Jeffe makes a few duffer mistakes that show he hasn’t thought this through. For example, he admits that it is a mistake (which many transit advocates make) to compare full buses with cars of average occupancy. He then proceeds to compare buses of average occupancy with cars with single occupants. But cars don’t average one occupant; the urban average is about 1.6 and the intercity average is about 2.4. While it is true, as many transit advocates point out, that putting one more person on a bus doesn’t significantly increase energy consumption, it is also true (and perhaps even more doable) that putting one more person in a car doesn’t significantly increase energy consumption.
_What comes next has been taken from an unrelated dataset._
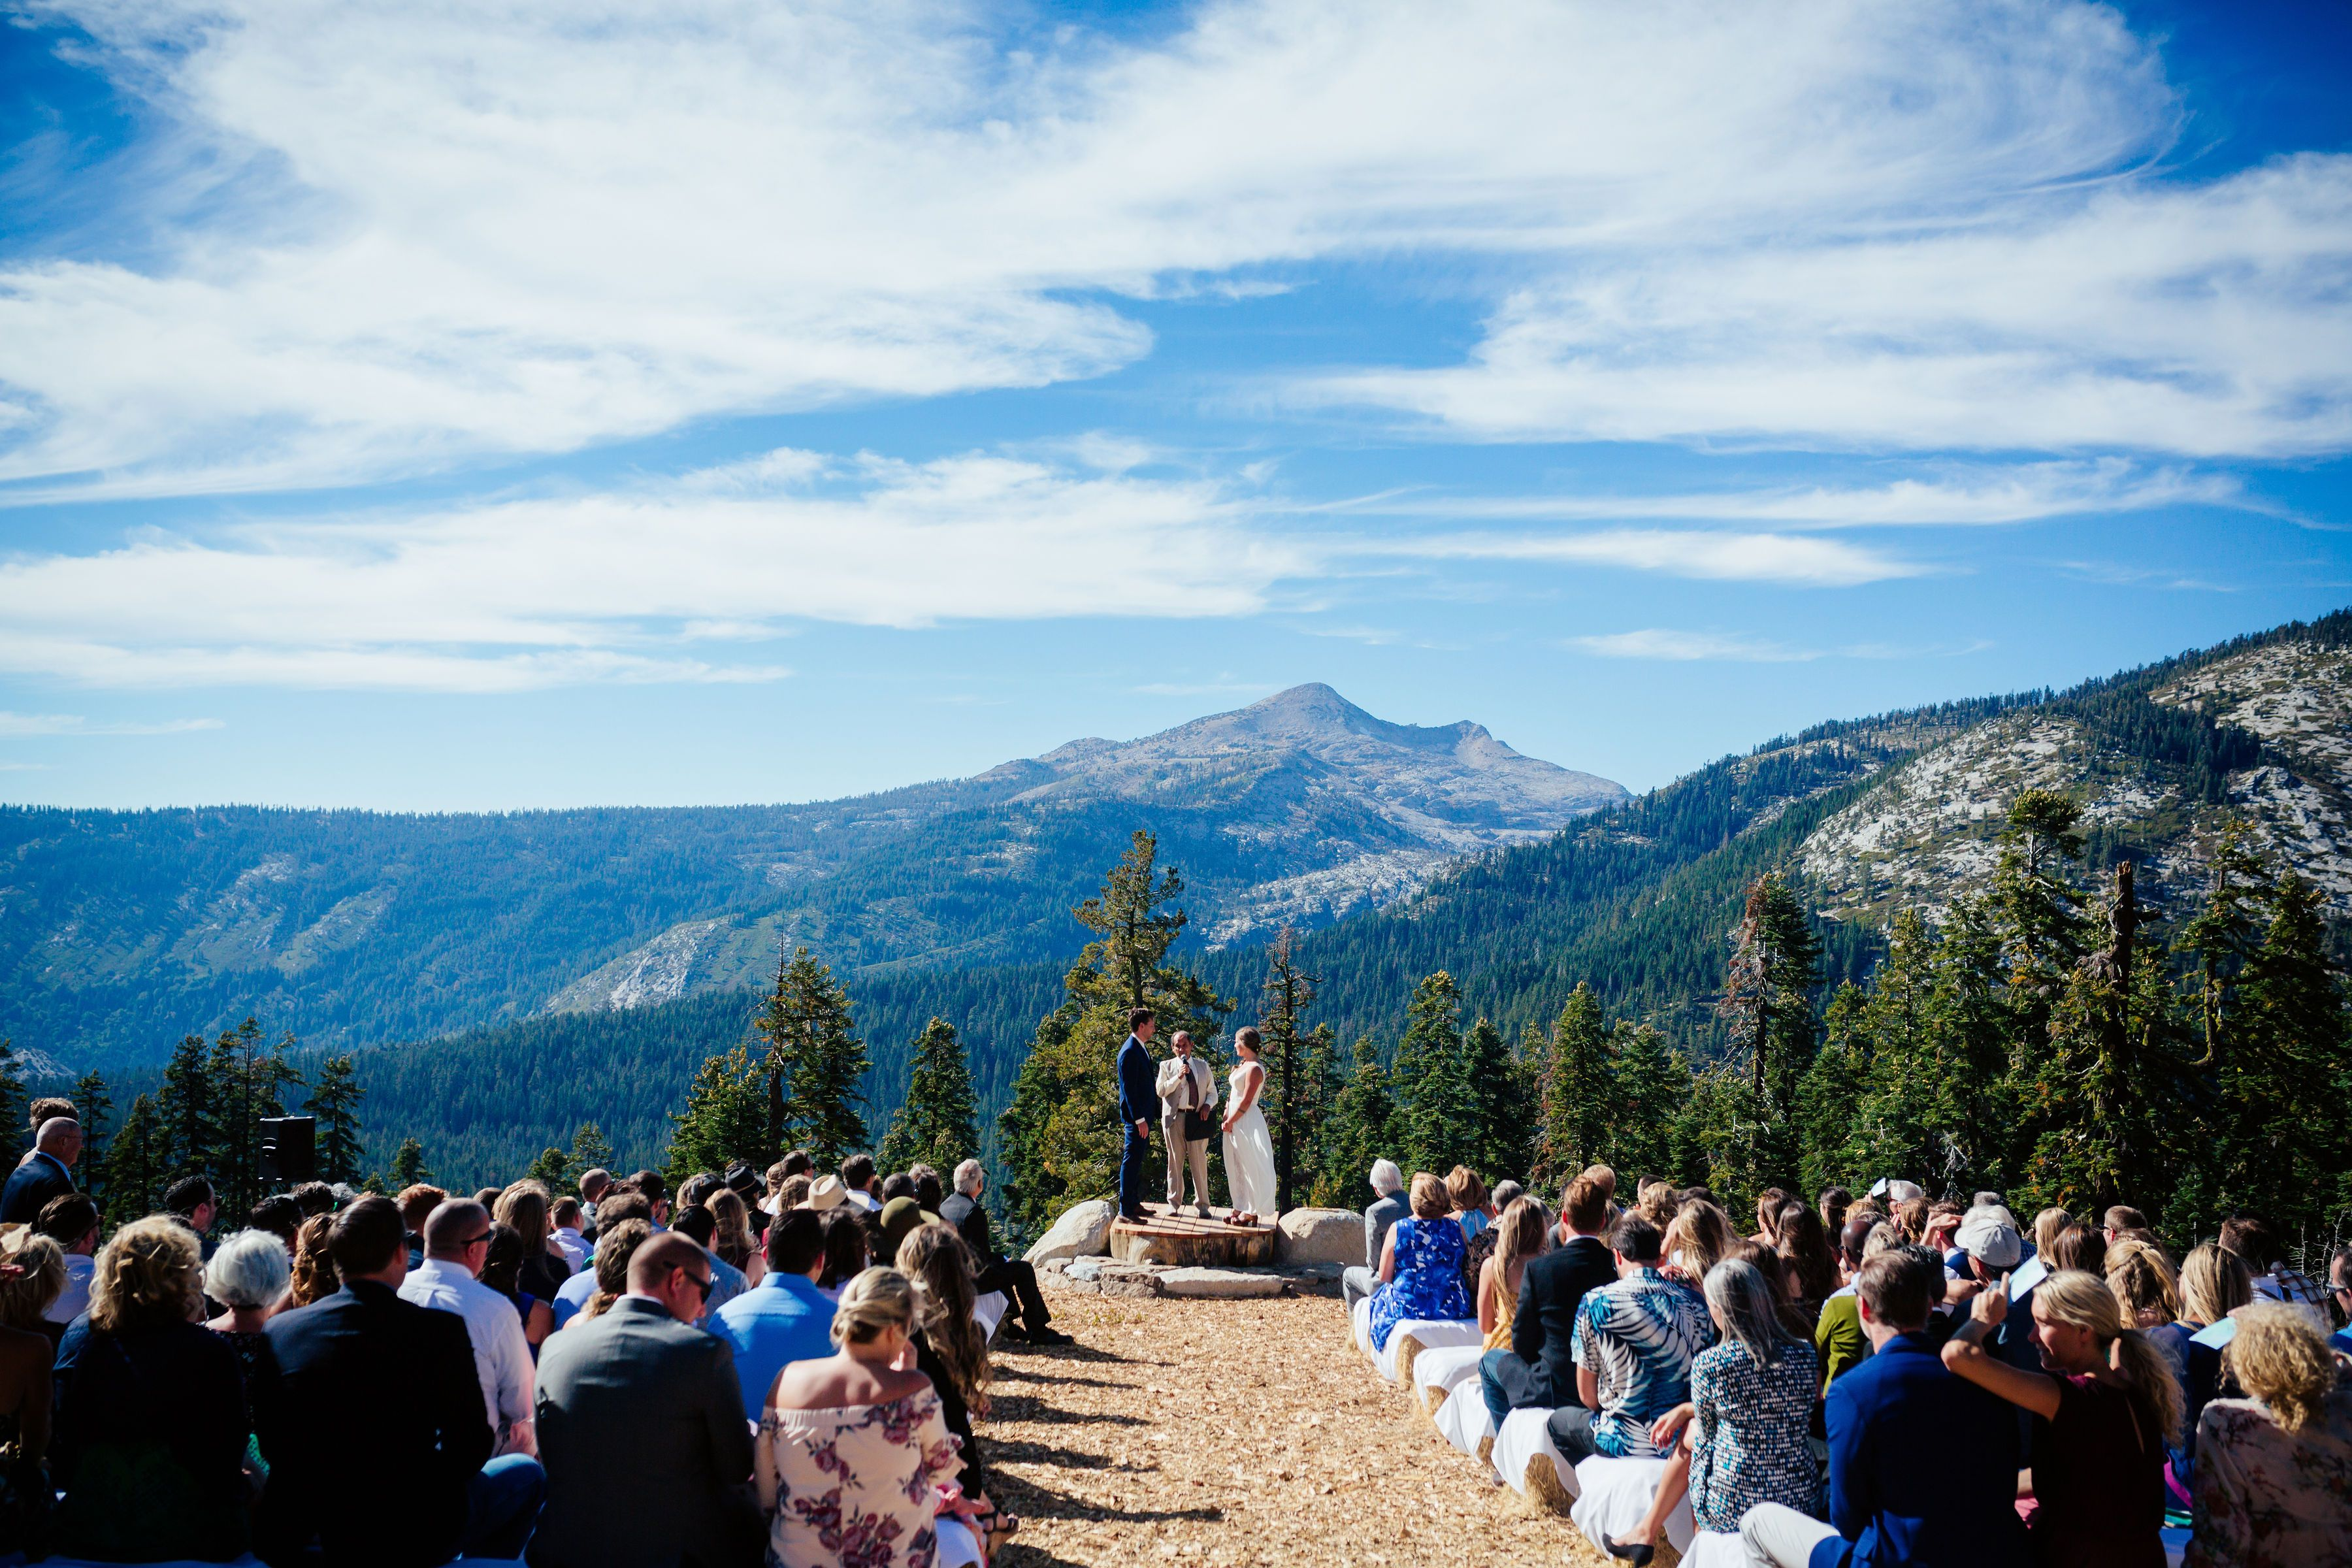 Mountain Top Vista For A Wedding Ceremony Wedding Mountainwedding Views South Lake Tahoe Wedding Venues South Lake Tahoe Weddings Lake Tahoe Wedding Venues

Jaffe suggests that the reason why transit vehicle occupancy rates are low is because transit agencies “choose to design systems that favor coverage over capacity, knowing full well that will mean running some empty buses, because suburban or low-income residents need them.” In fact, “coverage over capacity” is a revenue strategy: agencies want to justify taxing wealthy suburbs, so they send buses and build trains to those suburbs even though most houses have three or more cars in their driveways. If we want to help low-income residents, it would be cheaper, greener, and greater help to them to simply give them used, but energy-efficient, cars.